DATA RECORDS Start Marker
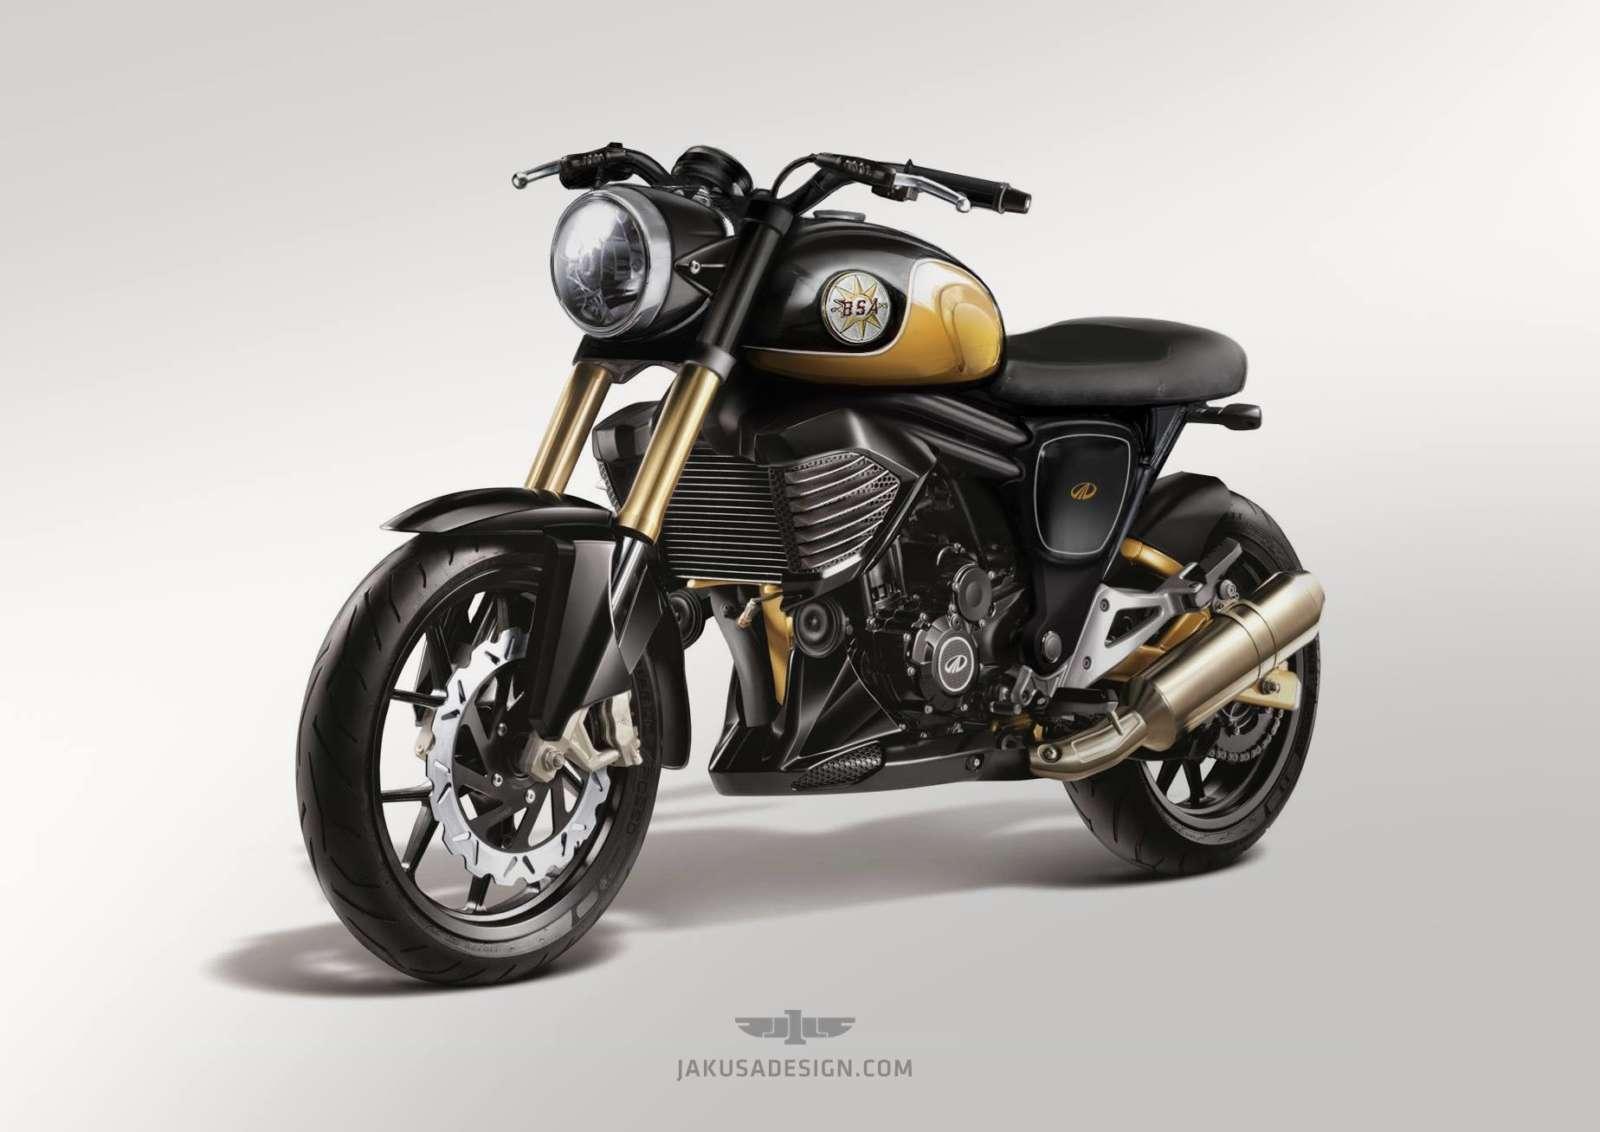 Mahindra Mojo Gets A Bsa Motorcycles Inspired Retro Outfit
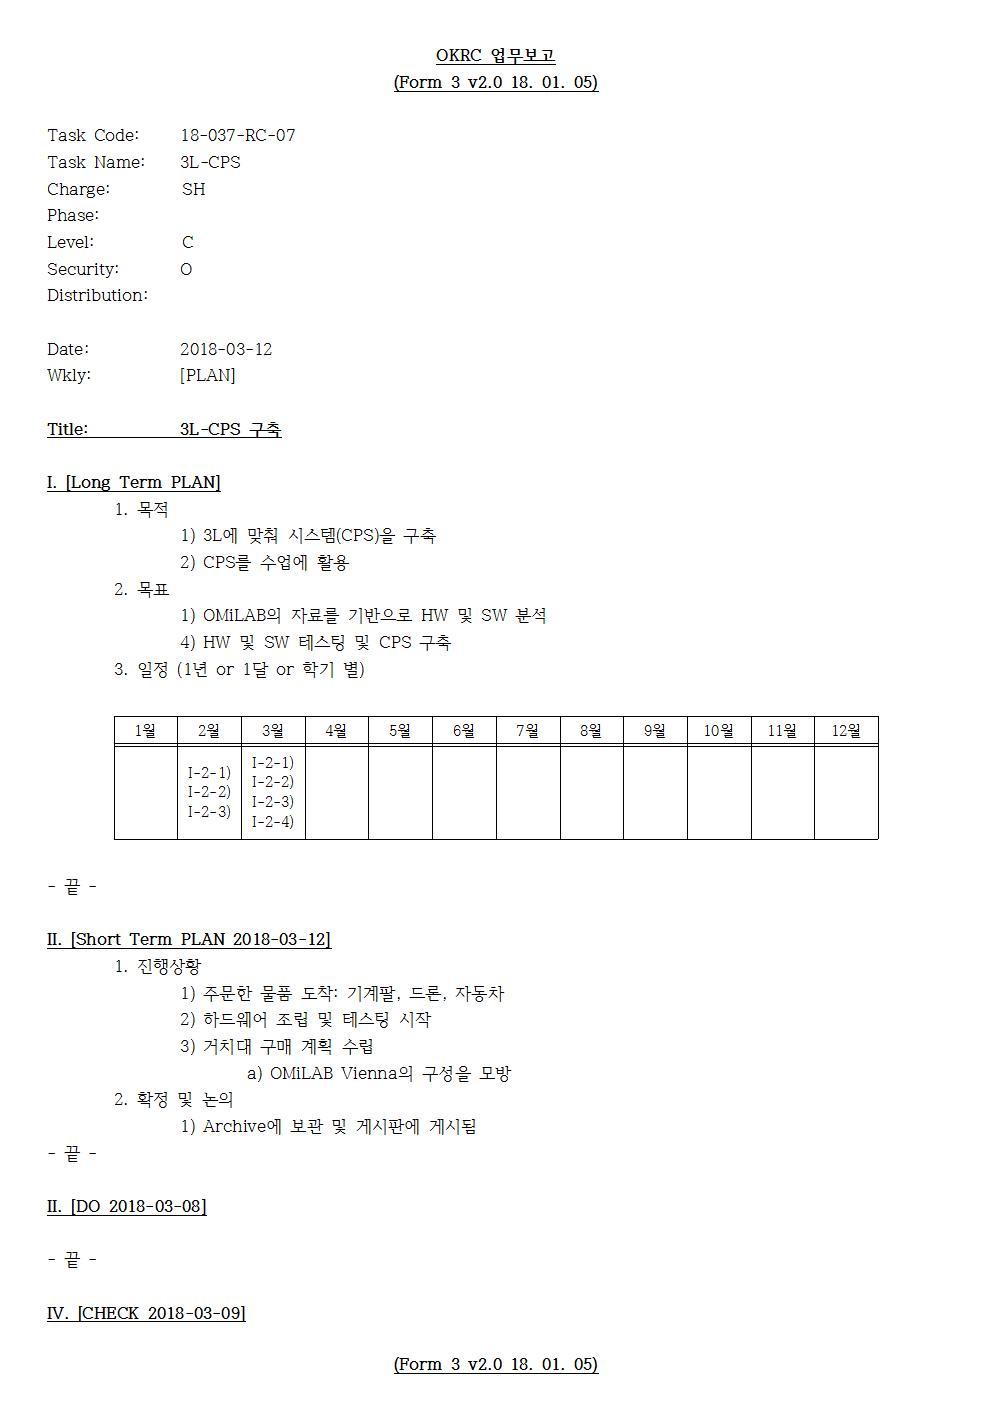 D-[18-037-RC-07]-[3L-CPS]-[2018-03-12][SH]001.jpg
DATA RECORDS End Marker
DATA RECORDS Start Marker
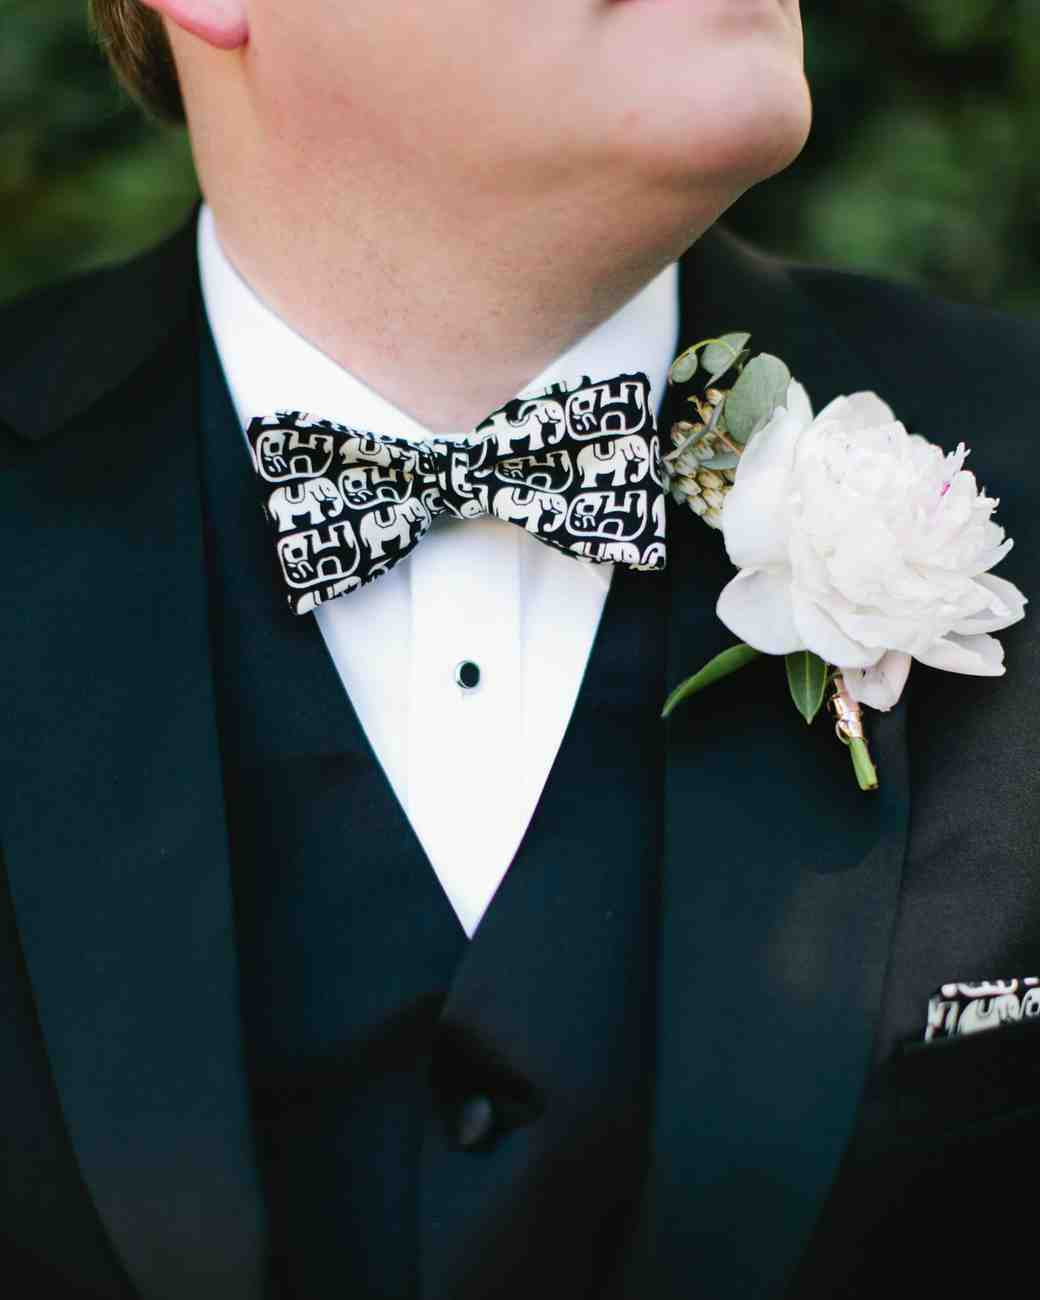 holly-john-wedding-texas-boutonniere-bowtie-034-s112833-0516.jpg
DATA RECORDS End Marker
DATA RECORDS Start Marker
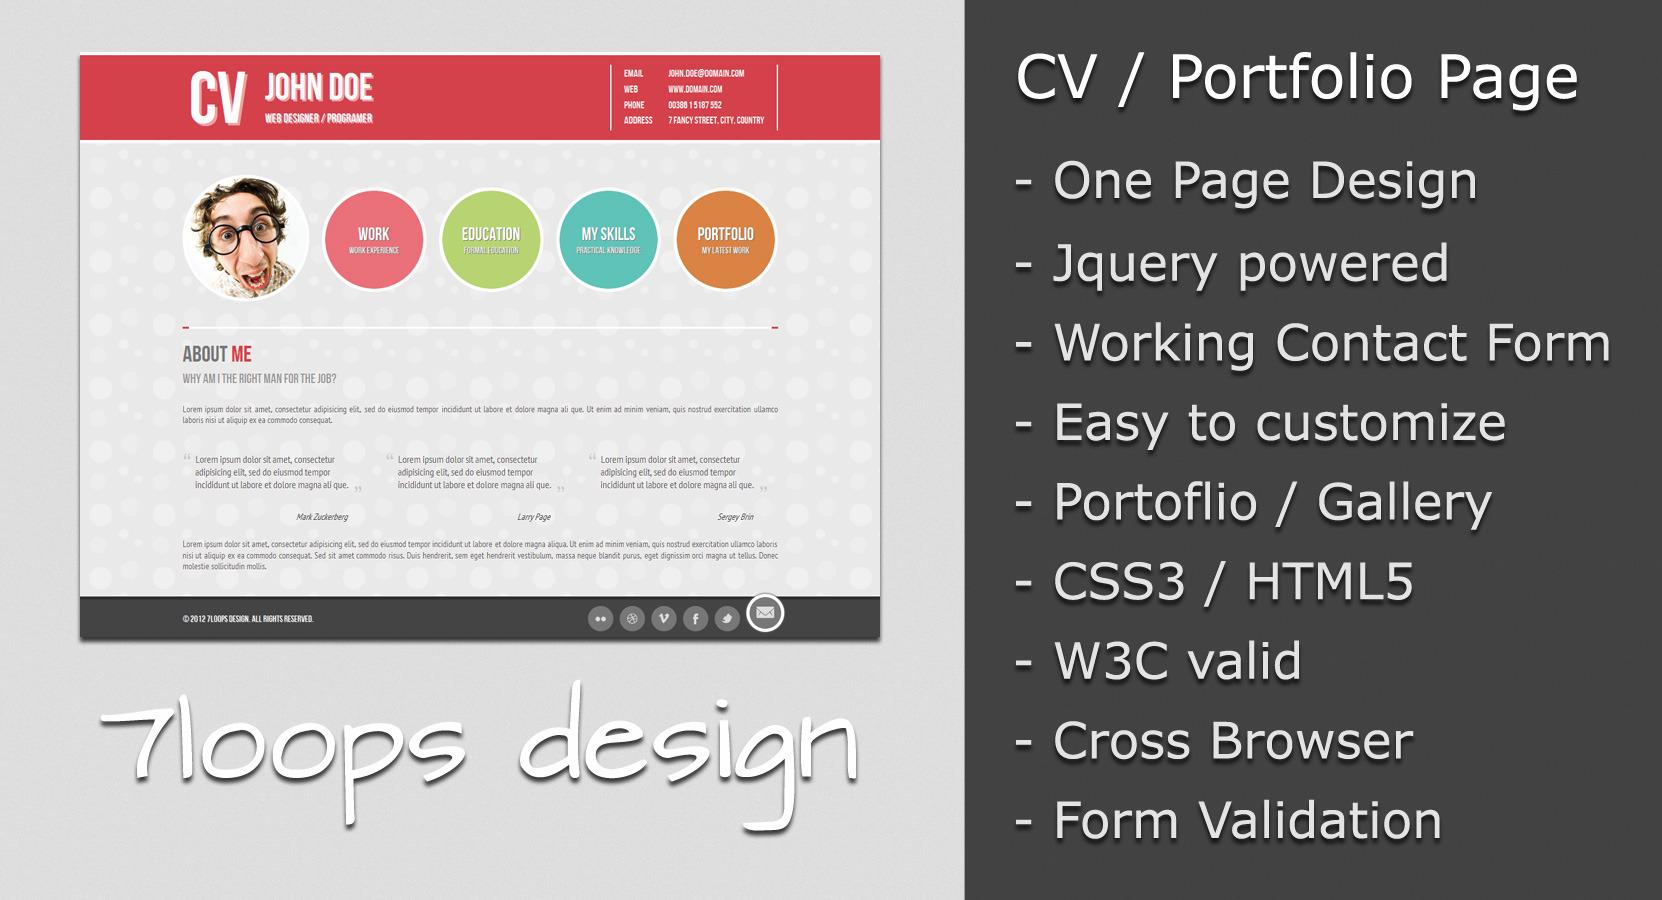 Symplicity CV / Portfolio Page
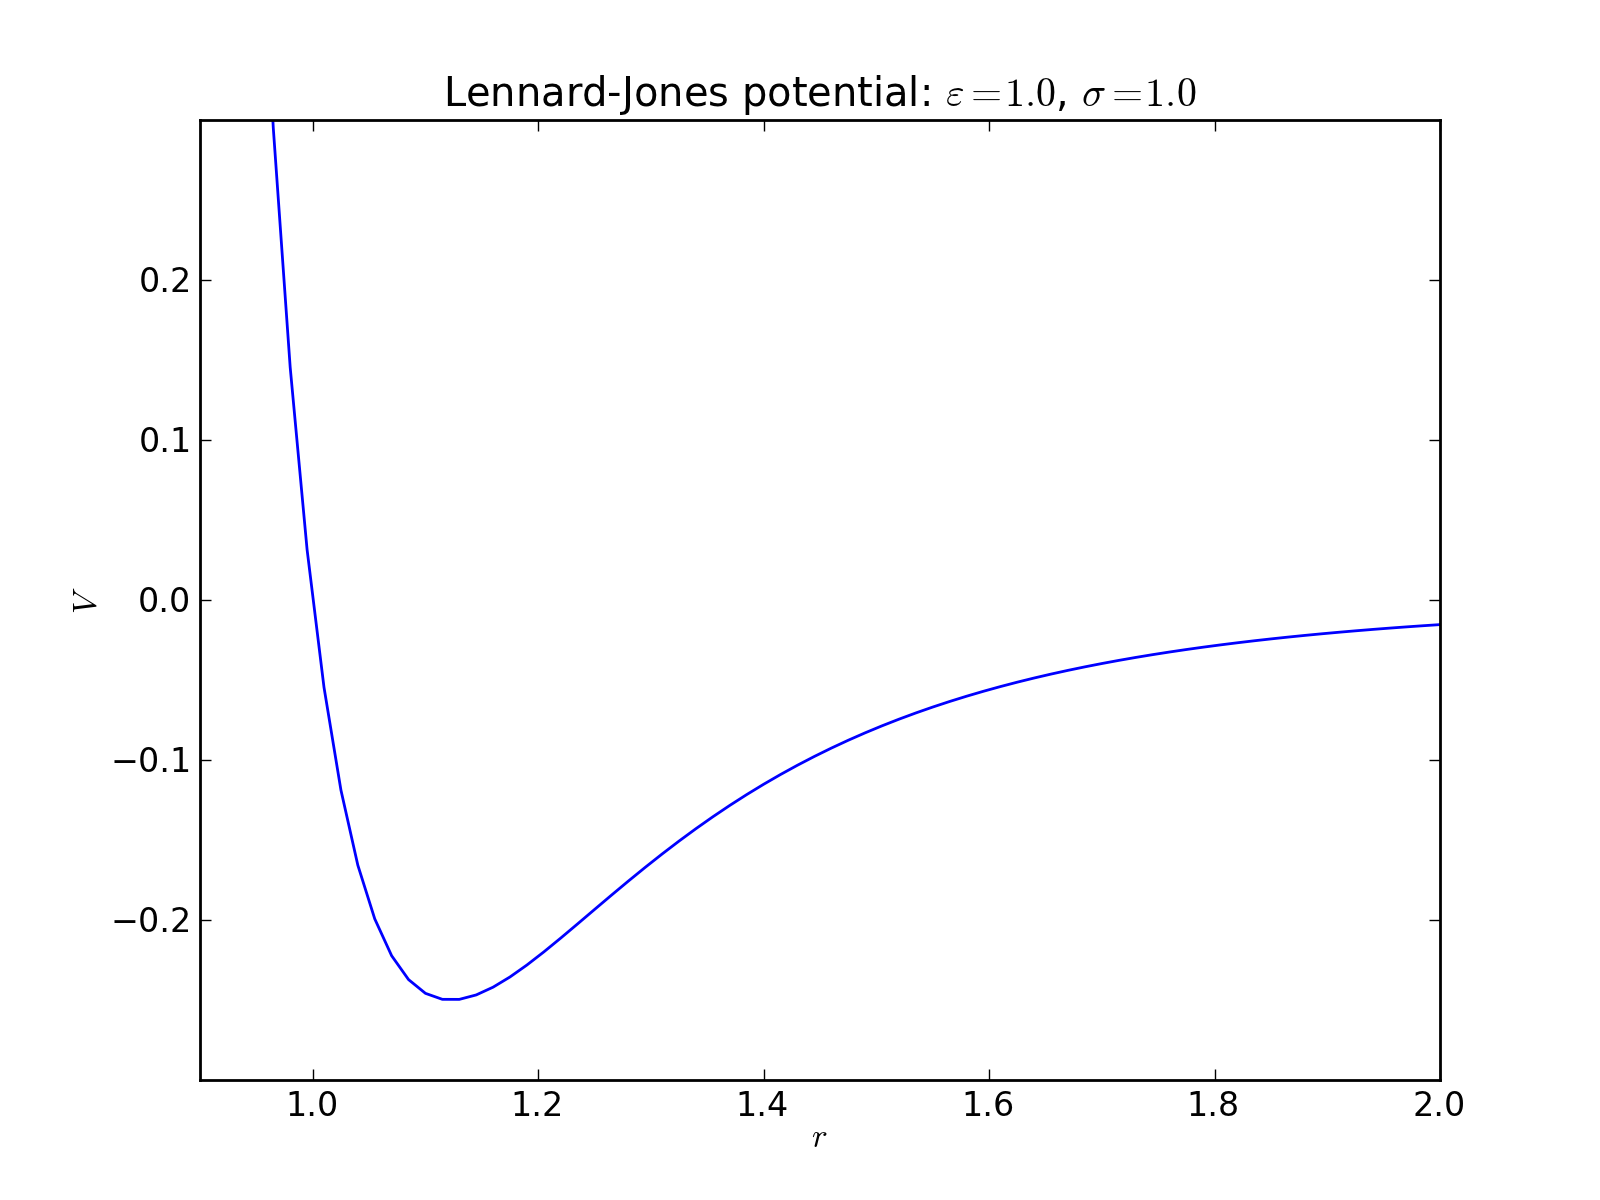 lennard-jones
DATA RECORDS End Marker
Give again the stretch of the entries above that begins at the line with "Mahindra Mojo Gets" and ends at the line with "D-[18-037-RC-07]-[3L-CPS]-[2018-03-12][SH]001.jpg", word for word, with no pictures.

 Mahindra Mojo Gets A Bsa Motorcycles Inspired Retro Outfit
 D-[18-037-RC-07]-[3L-CPS]-[2018-03-12][SH]001.jpg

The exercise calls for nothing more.